Canadian Trade Minister Stockwell Day also voiced reluctance. “We don’t want to be putting any kind of a drag on a relationship with Nafta that has led to significant prosperity and job creation for both parties,” he said in an interview. So if no one wants protectionism across the board then health care should be on the table. Even Mexico has some form of private health care including private hospitals. Given that there are conflicting legal opinions concerning the extent to which Canada’s public health care system is exempted or protected from the obligations imposed by international trade liberalization agreements.

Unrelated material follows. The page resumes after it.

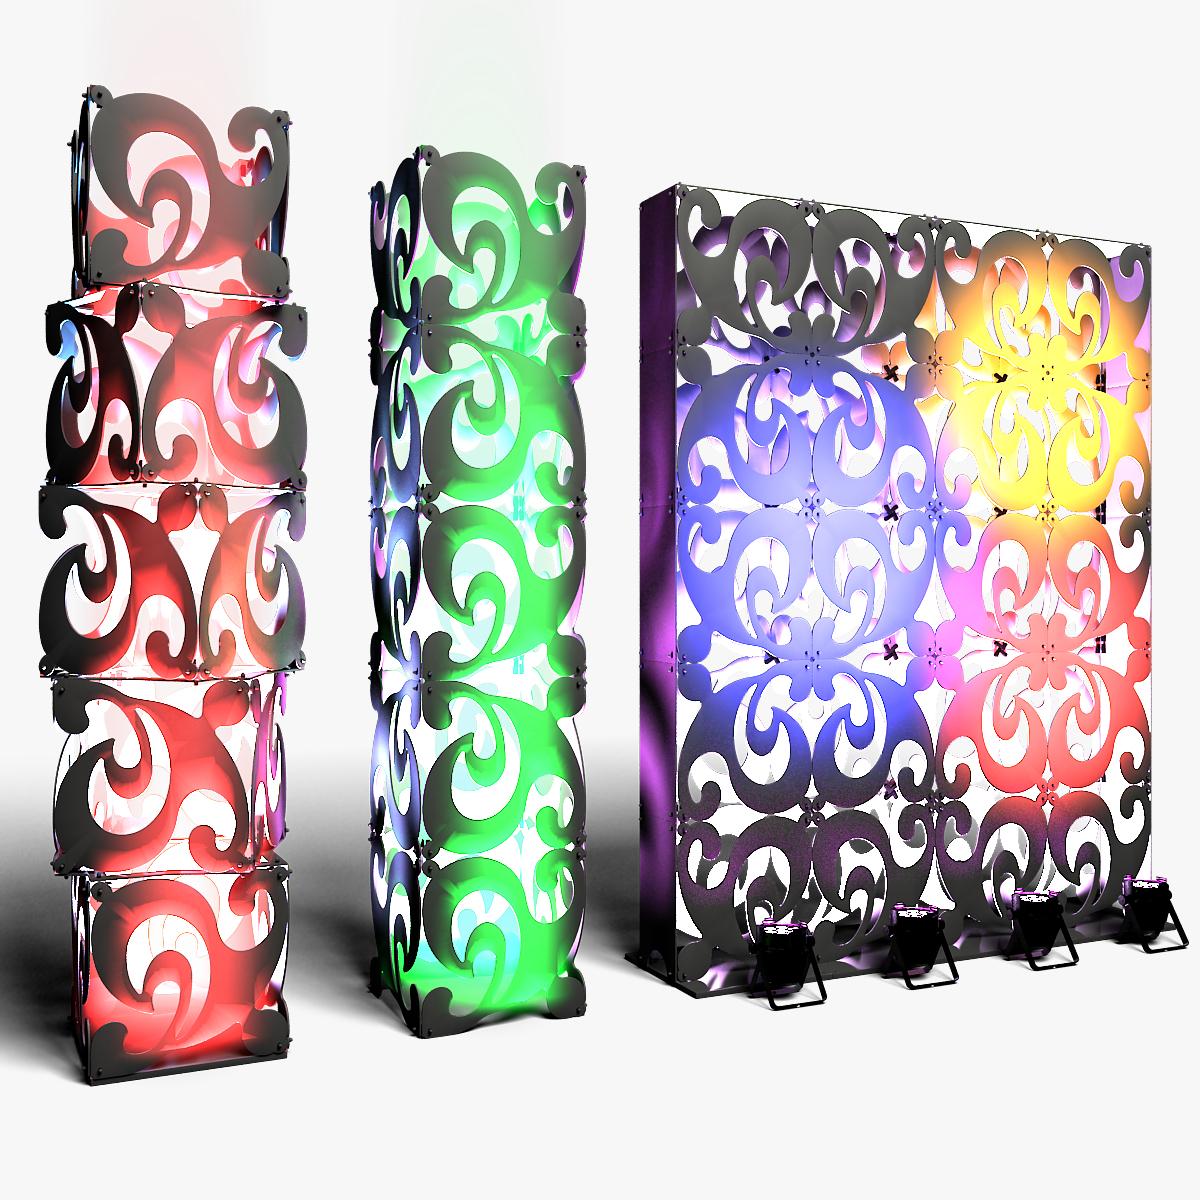 70-08-01-1200x1200.jpg Download STL file Stage Decor Collection 01 (Modular 9 Pieces) • 3D printer model, akerStudio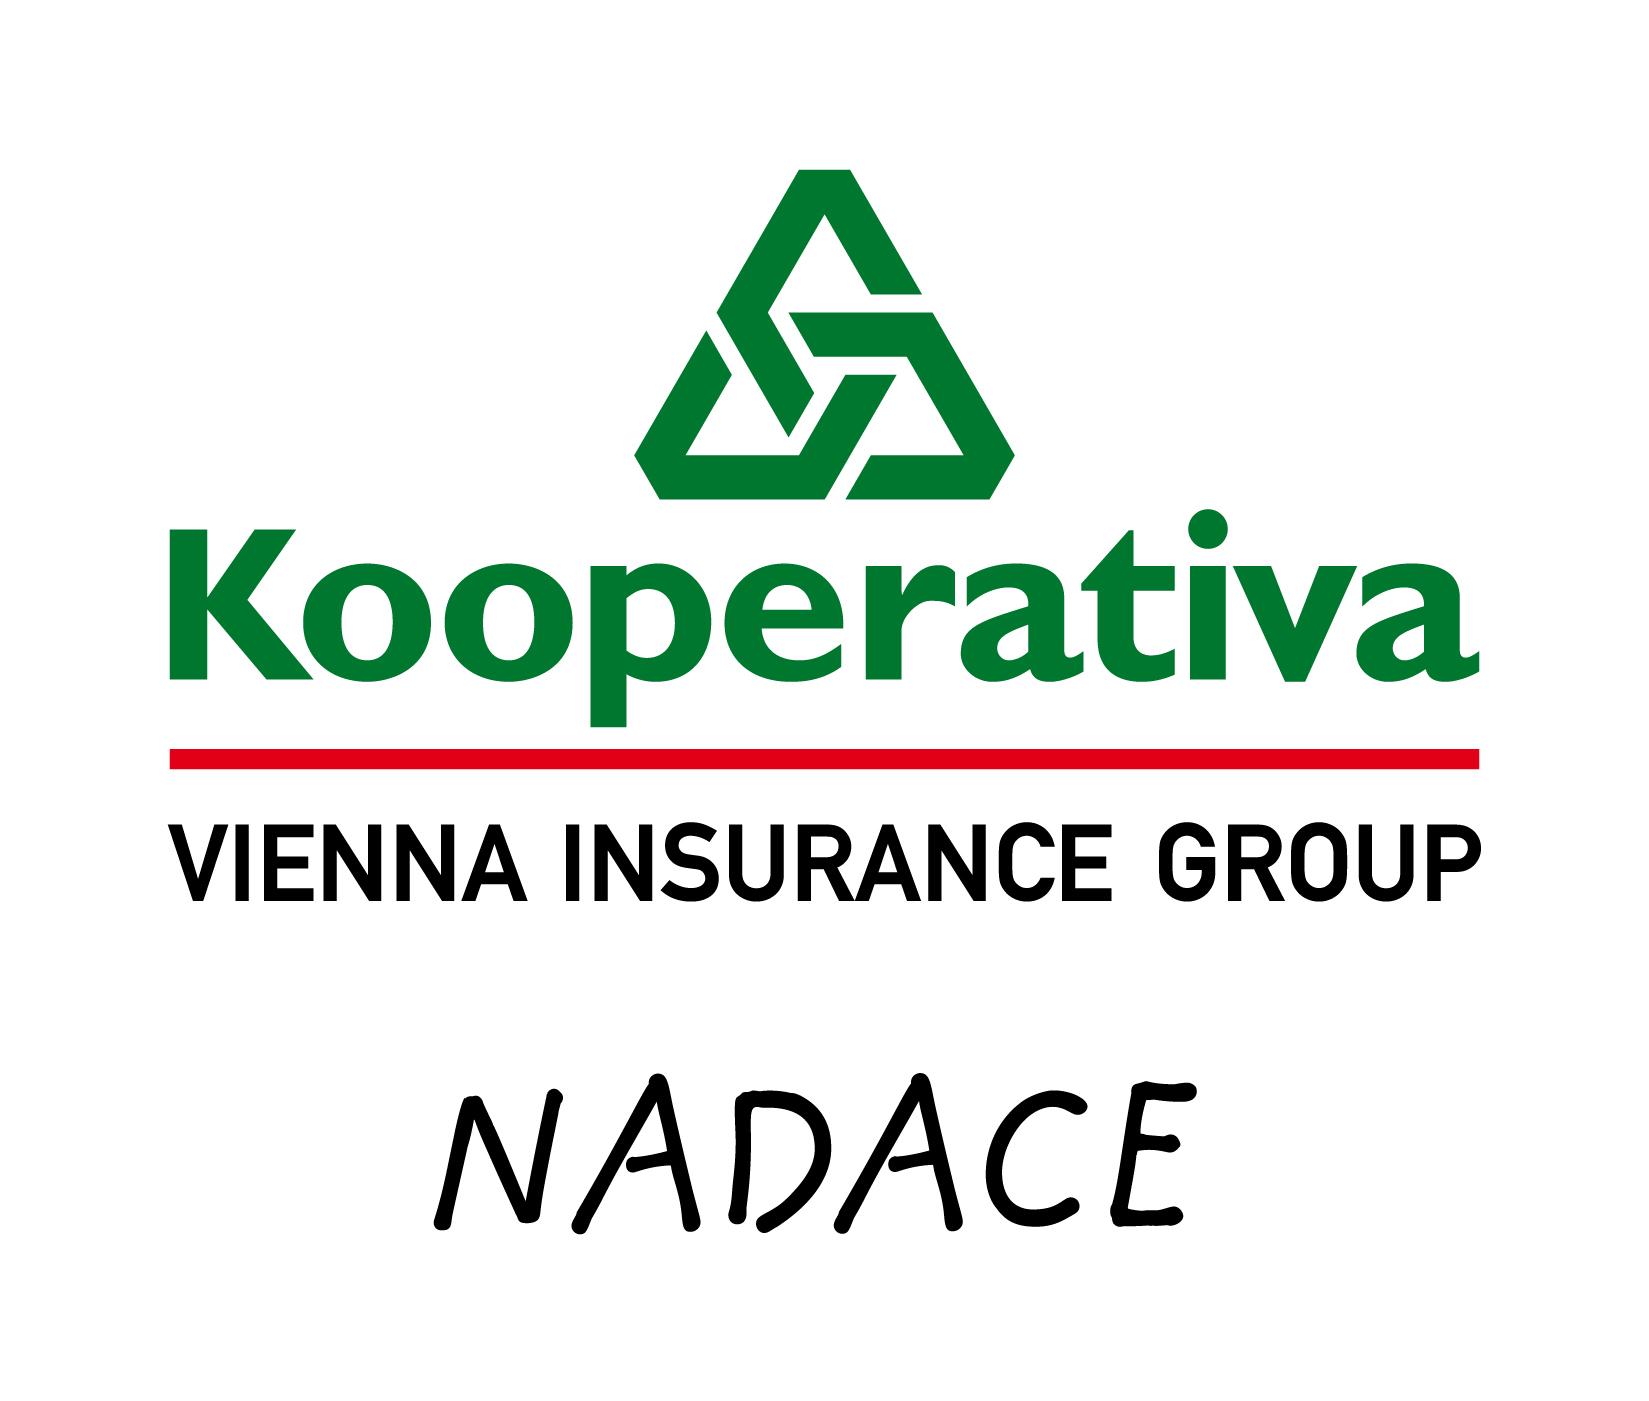 Kooperativa Nadace

Why in this day and age in 2008 Canada should be exempted from the very same agreements that all other member countries signed. By increasing the private component of Canada’s health care system the shield has eroded from full NAFTA national treatment requirements provided by the Annex I reservation. I am also calling attention to GATS commitments in health care sectors in the Doha. Canada has opened areas for-profit firms that were currently the sole preserve of nonprofit organizations. This was not the doing of any of the member countries of NAFTA this is home grown by Canada for Canada. Now the Government of Canada is saying we are still exempt how can that be. Does anybody else see the double standard here? Yes Canadian firms can open shops for private for profit health services. But all other countries need not apply. We may not be United Health Care yet but our complaint should non the less be taken seriously. Canada we demand compensation if your borders are closed for business.

Another thing that bothers me is so called trade experts such as T.J. Grierson-Weiler an adjunct professor of law at the University of Western Ontario. Who quotes “ It’s a shame he’s going to get a year of free press”. That is the most asinine thing I have heard if Mr. Weiler thinks Four Million Dollars is free in addition to One Hundred and Fifty Million Dollars on stand-by. Mr. Weiler could write me check right now case closed we would take our marbles and go home. “I guess some teach and some do”. Whether NAFTA is re-negotiated or kept the same is of no matter. As far as I am concerned either way its put this issue on the table. Speaking of expropriation in addition I will be sending Canada a bill for $3.7 Million dollars for one EBT machine. This machine stayed in a warehouse while the Province and the Federal Government of Canada argued over private health care. You can see the full Canadian Medical Association article here.      

November 01, 2008

Centurion to resume NAFTA proceedings after U.S. Presidential Election

Centurion will resume NAFTA claim proceedings shortly after the U.S. Presidential election on November 4, 2008. You may click on the Government of Canada web site you  may also check back here periodically for more in-depth information. I also would like to thank everyone’s input from Spain, the UK, Switzerland, Rome, Ireland, France, and Germany. I am sure I left out a great deal more please be patience I will respond to all of your inquiries shortly.